As espertezas de Joaquim Bentinho, personagem que caracteriza o caipira típico, superam as tolices e malandragens com que o personagem de Monteiro Lobato, “Jeca Tatu”, marcou, por tanto tempo, a imagem do caipira paulista. Mas não só Joaquim Bentinho. Em todos os seus escritos, como que em retalhos,  Cornélio Pires registrou essa alma caipira, tão rica em sua simplicidade que é universal.

3 comentários

  1. Henrique Junqueiro em 02/09/2014 às 17:25

    O grande Cornéllio Pires.Iniciador da moda e da música caipira.Cantor,compositor,poeta dos mais ilustres,quase esquecido.Esse Brasil de imbecis governantes não exalta seus artistas,não respeita
    seus poetas e seus filhos prodígios são deixados de lado.Não tem um que se lembre de lembrar.Garanto que poucos ou nenhum destes jovens sertanejos “UNIVERSITÁRIOS”(????) conhecem ou ja ouviram falar do Sr.Cornélio Pires.A mídia descarta Catulo,João Pernambuco,Cornélio,João Pacífico,Raul Torres e dezenas de grandes astros para gastar dinheiro
    fazendo filme pro CAZUZA.Isto sim é uma afrontante troca de valores.

  2. Carlos José Guimarães Parisotto em 04/01/2015 às 03:16

    Cornélio Pires um dos nomes que sempre deveria ser lembrado, como todos os demais acima citados. Concordo com o que disse Henrique Junqueiro:”esse Brasil de IMBECIS governantes não exalta seus artistas. Não respeita seus grandes poetas”. Devemos lembra-nos de quem? Dos “sertanejos universitários” , que nem sabem cantar e escrevem letras que daria VERGONHA algum cantor ou poeta de verdade cantar? Fazer filme para Cazuza, só se for em benefício de alguns poucos. Deveriam pensar nos poetas que escreveram pelo e para nossa gente brasileira. É mesmo, como diz o Sr. Henrique Junqueiro, é uma vergonhosa e afrontante troca de valores.

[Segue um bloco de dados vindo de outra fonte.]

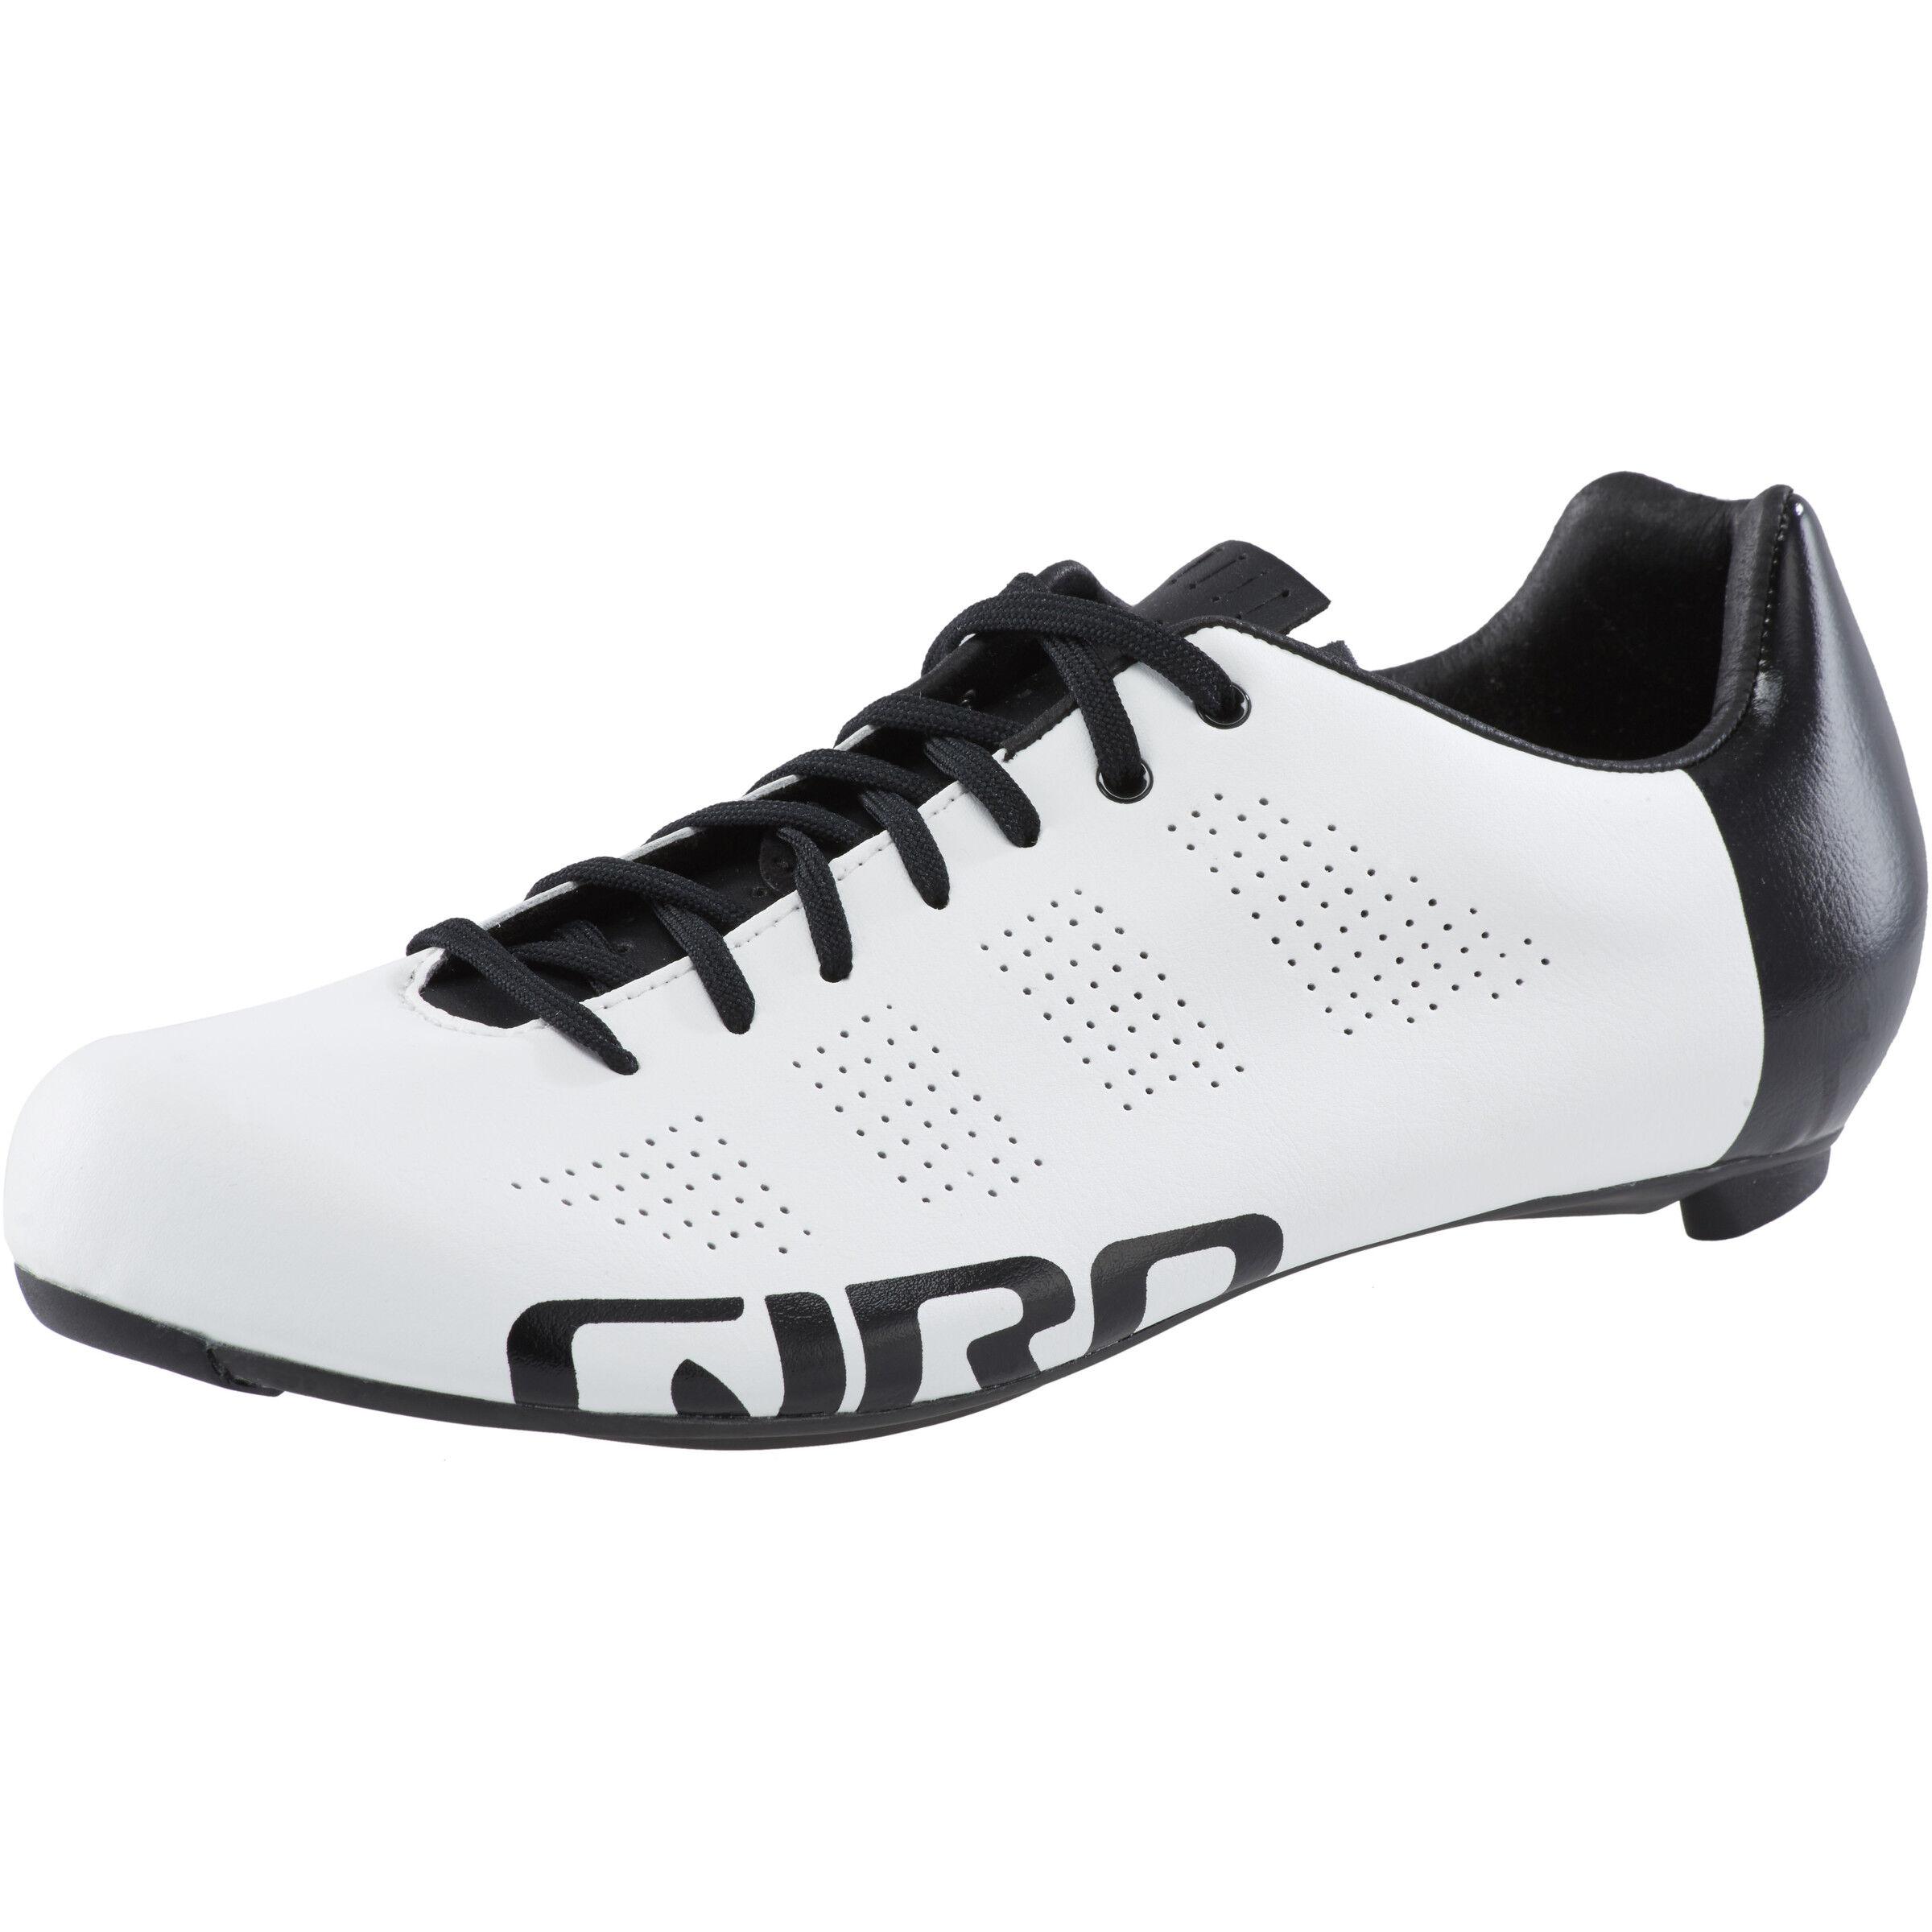 Giro Günstig Giro Kaufen Rennradschuhe Günstig Giro Rennradschuhe Günstig Rennradschuhe Kaufen g76YIbyvmf
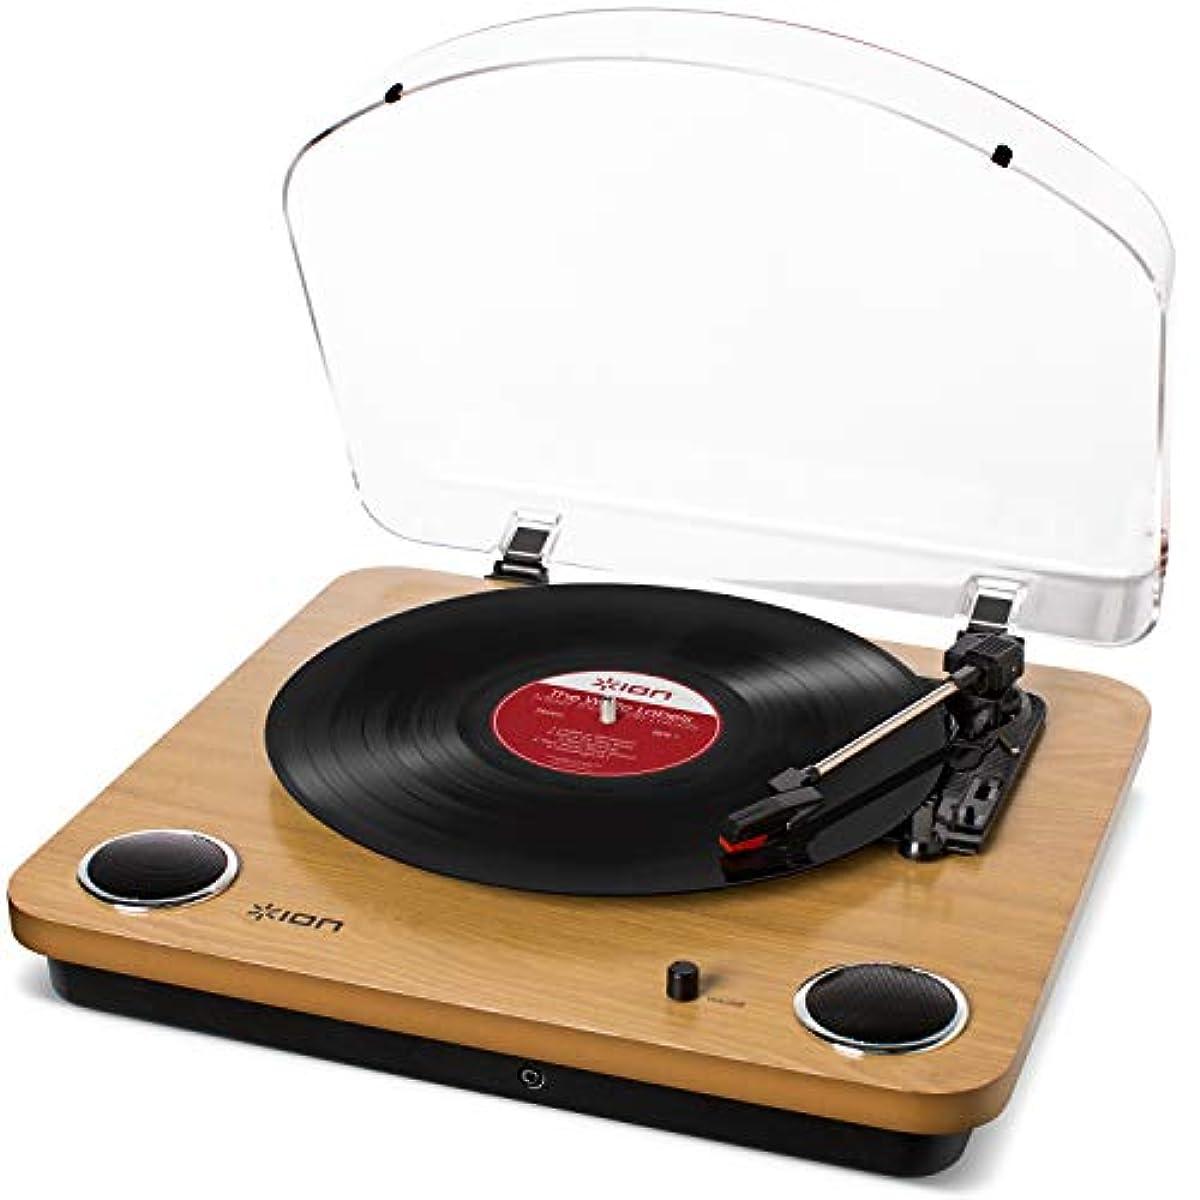 [해외] ION Audio MAX LP 레코드 플레이어 (2색상)

  3. Ozevaldo Silva dos Anjos em 13/08/2015 às 14:52

    Sou fã de Conélio Pires e pesquisei algumas coisas sobre ele. Vale ressaltar que além de um artísta de imenso valor, tendo atuado como Jornalista, Radialista, Cinegrafista, Conferencista, Escritor, Poeta, Contista, Humorista, Folclorista, Empresário e Ativista Cultural brasileiro. Ainda foi considerado “O Grande Etnógrafo da Cultura Caipira e do Dialeto Caipira”, “O Pai do Folclore Paulista”, e também “O Bandeirante do Espiritismo. Espírita convicto e praticante da mais nobre caridade, Cornélio Pires foi exemplo de bondade e amor. Diferente de alguns “artístas” sem caráter que são aclamados pela mídia e exaltados pelo governantes brasileiros. Alguns são até tema de filmes.